Réduction de la pression artérielle
Après les données positives des études RADIANCE-HTN SOLO (1) dans l’HTA modérée et RADIANCE-HTN TRIO dans les formes sévères et résistantes (2), l’essai international RADIANCE II (3), coordonné par les Pr Azizi et Ajay Kirtane (États-Unis), a comparé la DR par ultrasons à une intervention factice (sham), chez 224 patients ayant une HTA non contrôlée (sans traitement ou sous antihypertenseurs). La DR réduisait considérablement la PA chez ces patients hypertendus, après l’arrêt de tout antihypertenseur pendant trois mois. À deux mois, la PA systolique ambulatoire diurne a été diminuée de 7,9 mm Hg dans le groupe DR, versus 1,8 mm Hg dans le bras sham, soit une différence de 6,3 mm Hg. Les effets étaient concordants sur la PA ambulatoire nocturne, la mesure tensionnelle clinique et en automesure à domicile. Aucune complication grave n’a été observée, mais un suivi à long terme est prévu.
Menée sur plus de 500 patients, une méta-analyse des trois essais RADIANCE est venue confirmer cette réduction de la PA grâce à la DR par ultrasons, à tous les stades de gravité de l’HTA (4). Les prédicteurs indépendants d'une meilleure réponse tensionnelle à la DR étaient une PA et une fréquence cardiaque initiales plus élevées, ainsi qu’une HTA orthostatique.
A réserver aux formes résistantes
« Comme précisé dans notre conférence de consensus de février 2023 (5), il n'est pas matériellement possible de proposer la DR à des millions de patients hypertendus, mais il faut la réserver aux formes résistantes à une trithérapie (une quadrithérapie selon la Haute Autorité de santé pour le remboursement). Cette HTA résistante doit être validée par une mesure ambulatoire de la PA. Il faut avoir exclu une HTA secondaire et vérifier l'adhérence au traitement antihypertenseur. Enfin, certains patients, intolérants ou non adhérents aux antihypertenseurs, pourraient aussi bénéficier de cette technique. En concertation avec le patient, la décision est posée par une équipe multidisciplinaire de spécialistes de l'HTA sévère et du cathétérisme interventionnel », explique le Pr Azizi.
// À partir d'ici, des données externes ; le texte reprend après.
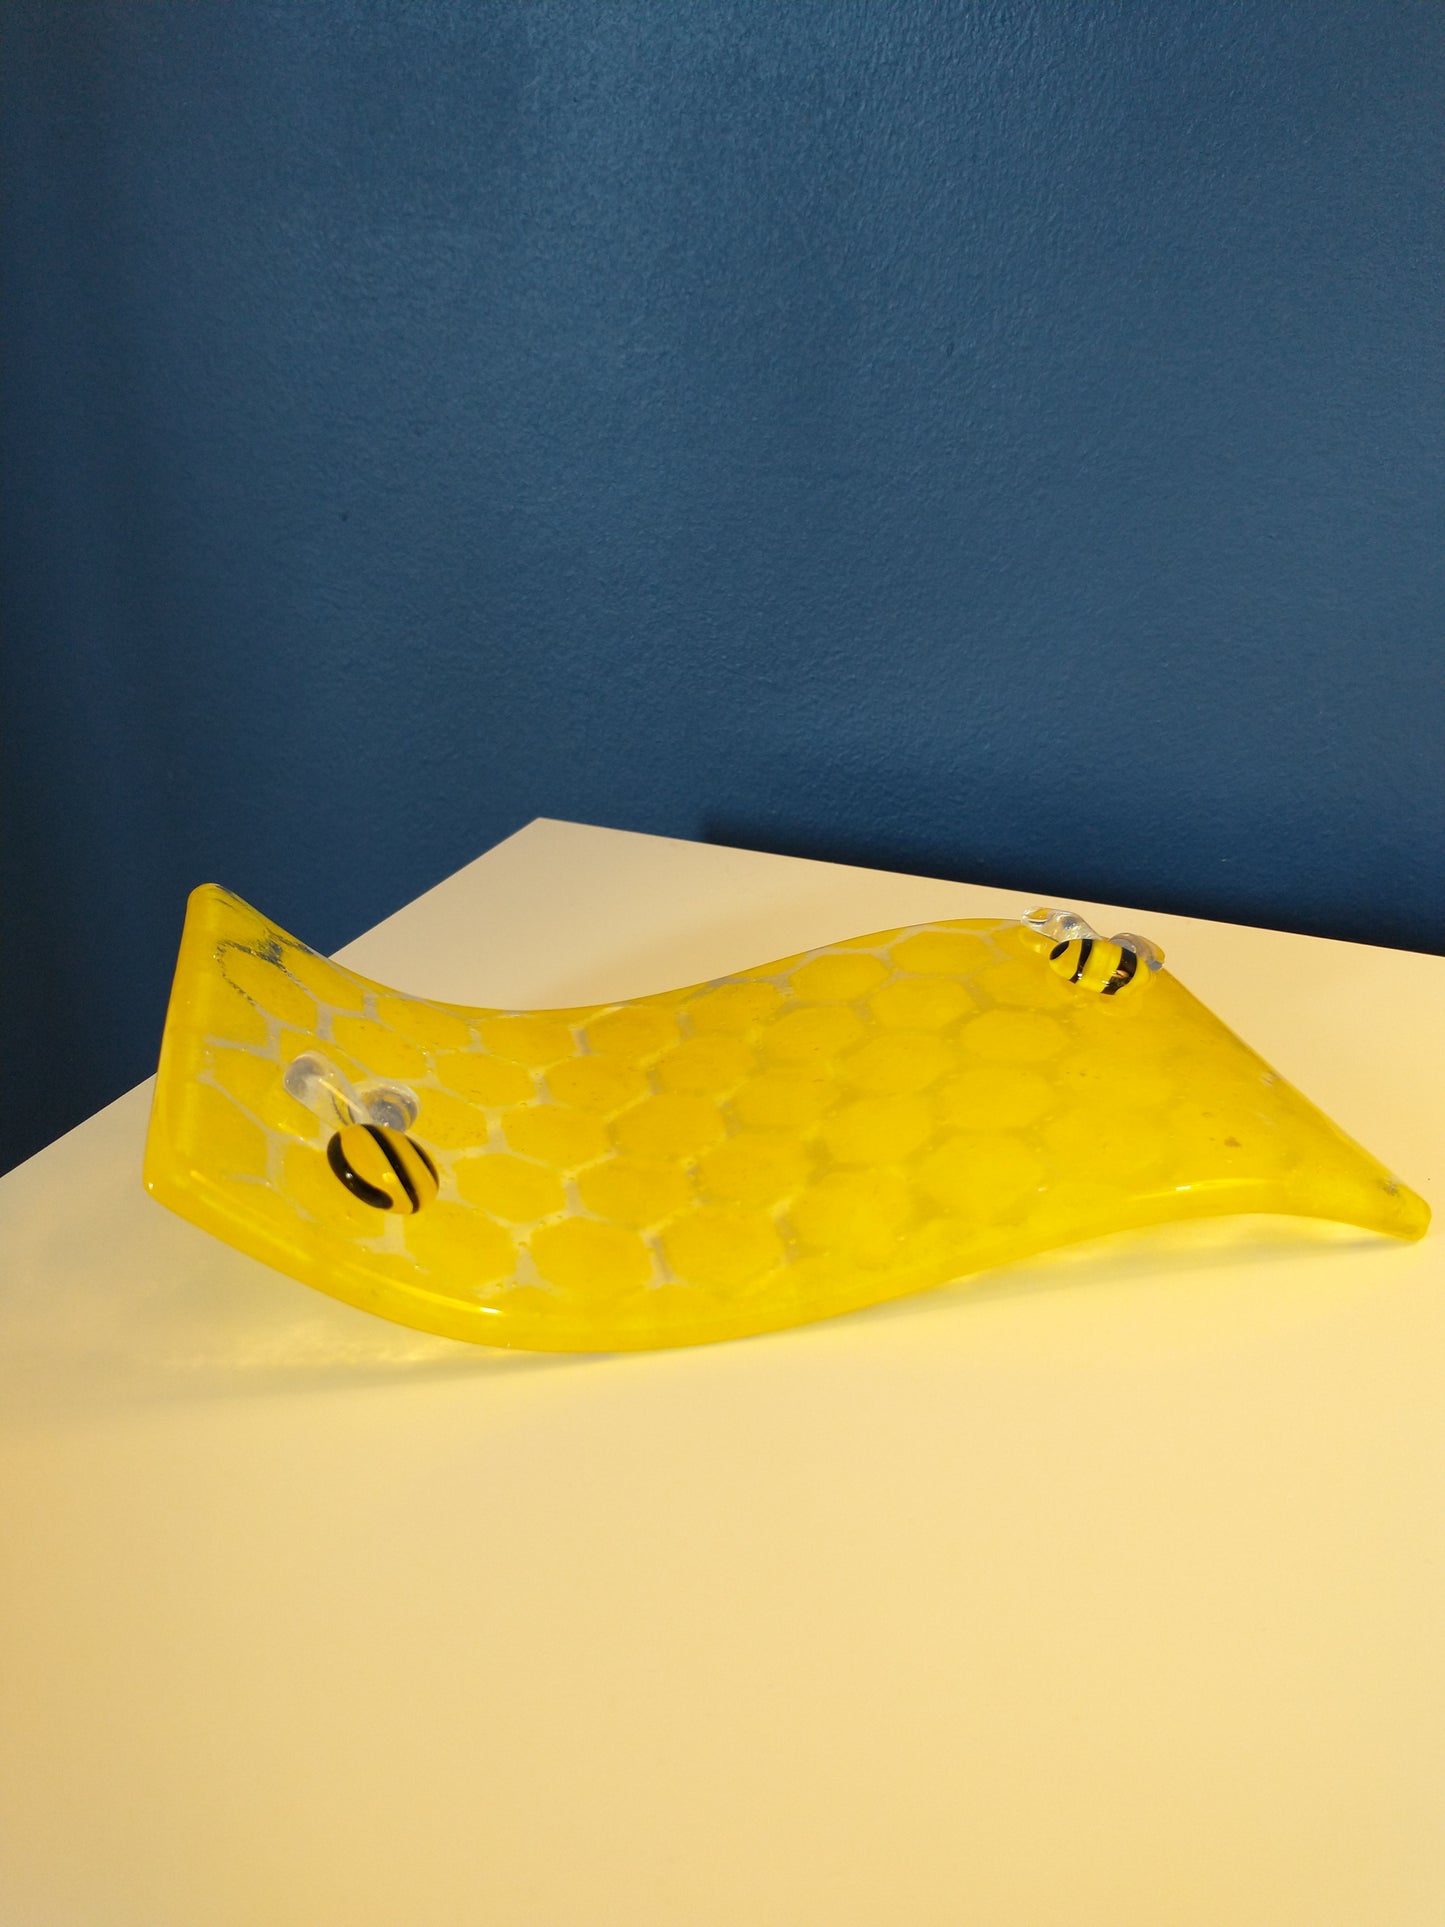 Fused glass bee and honeycomb decorative display

La probabilité et l’ampleur de la réponse sont plus élevées chez les obèses ou en cas de signes d'hyperactivité sympathique, mais plus faibles chez les sujets âgés avec rigidité artérielle accrue. Les patients avec un débit de filtration glomérulaire (DFG) inférieur à 40 ml/mn ont été exclus des essais initiaux, mais des études en cours permettent un DFG de 25-30 ml/mn. D’autres critères d’exclusion existent : transplantation rénale, hémodialyse chronique, un seul rein, sténose artérielle rénale dysplasique ou artérioscléreuse …
Et en pratique ?
Le patient passe 45 minutes en salle de cathétérisme et rentre à domicile le lendemain. La PA commence à baisser en moyenne au bout d'un mois. « Dans 80 % des cas, la réponse tensionnelle est favorable. Quand la PA ne baisse pas, c'est peut-être pathophysiologique ou en raison d'une ablation incomplète », précise le Pr Azizi. Lors du cathétérisme interventionnel, aucune technique simple ne permet de savoir si l'ablation a été complète.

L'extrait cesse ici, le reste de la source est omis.